Starting 23 October and for five years, Planta – a space for the confluence of art and industry, located in the aggregate quarry of the Sorigué group in Balaguer (Lleida) – is home to Double Bind, an installation by the artist Juan Muñoz (1953–2001). Created in 2001 for the Turbine Hall at Tate Modern in London, the masterwork of the Madrid-born sculptor who died a few months after its inauguration, is on display for the frist time in Spain, and for the third time ever, after a 2015 stint at Hangar Bicocca in Milan.

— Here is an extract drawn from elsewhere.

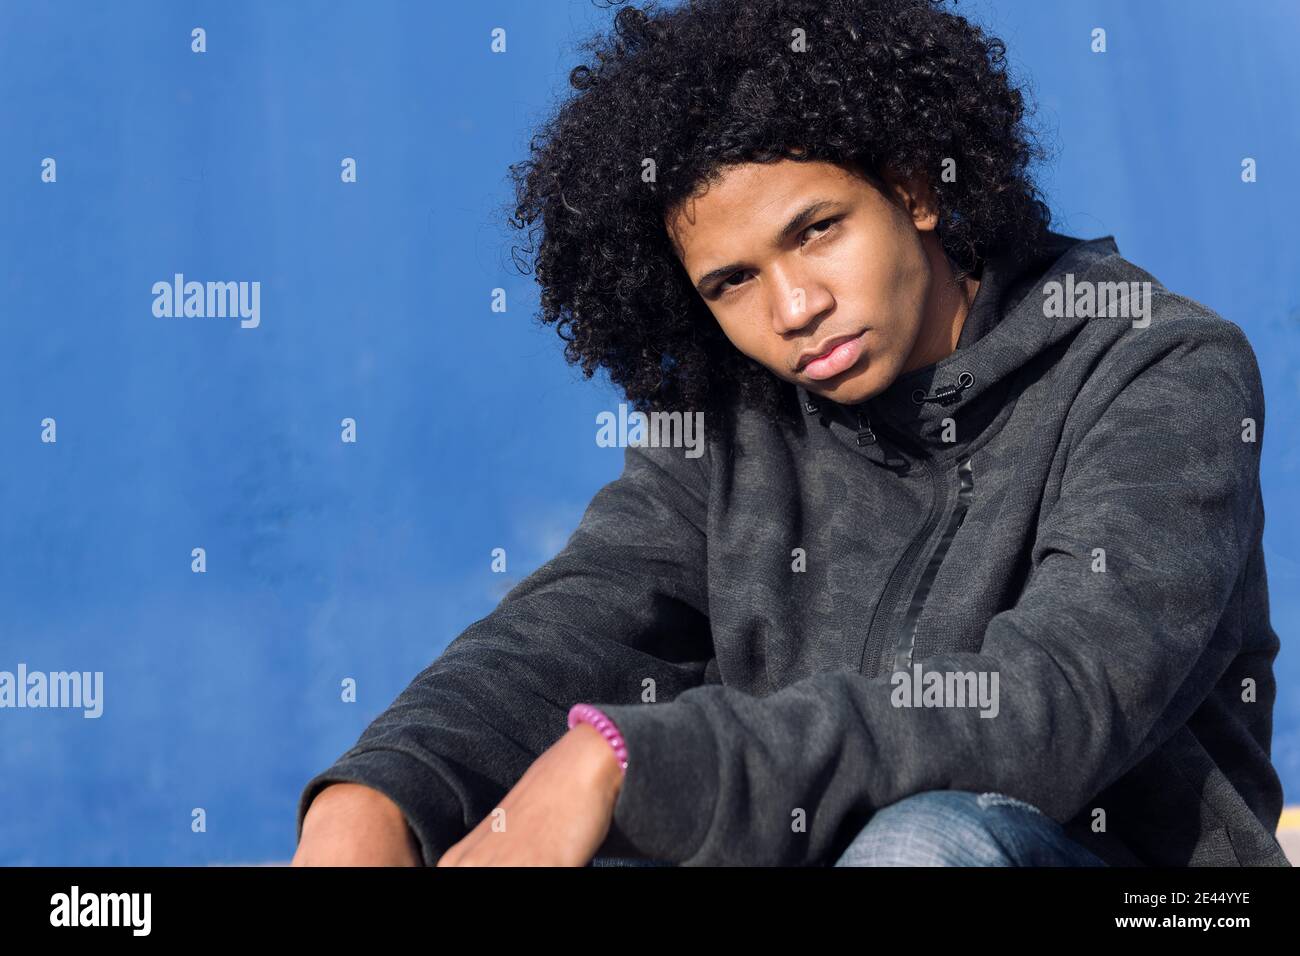 Thoughtful curly haired black male teenager in informal wear looking at camera while sitting against blue wall on street Stock Photo

Also hidden in this unique and changing environment, amid gravel mountains and olive fields, is a pavilion sheltering three monumental pictorial works of Anselm Kiefer and a sculpture by Antony Gormley, and also a Spanish Civil War bunker with an impressive video by Bill Viola, while two giant heads by Antonio López have been placed out in the open.
Promoted by the company Sorigué and its foundation, Planta opens to the public with Double Bind, and for its collection of 450 artworks a building will be raised, designed by Ábalos + Sentkiewcz. Construction is to begin in 2018.
Formerly a factory where concrete keystones were made, an old industrial shed with a pitched roof has been transformed specifically to reproduce Herzog & de Meuron’s Turbine Hall, with a 40-meter-long ramp leading to the 2,000-square-meter, 100-meter-long, 20-meter-wide, 18-meter-tall art installation. Adapted to this space by Juan Muñoz’s daughter, Lucía, the complex Double Bind is distributed on three levels, among which only the lower one is passable, flooded with darkness. From here on the visitor – looking in the direction of the intermediate level – is invited to search and visually course along the openings in the ceiling inhabited by disturbing human figures, with elements made of polyester resin, fiberglass, cloth, natural pigments, and wood. The silence is interrupted by the mechanical movement of two empty elevators ascending to the upper level, where an optic landscape is shown.
Work is being done in other installations slated to occupy Planta, with pieces by artists like William Kentridge, Chiharu Shiota, and Wim Wenders.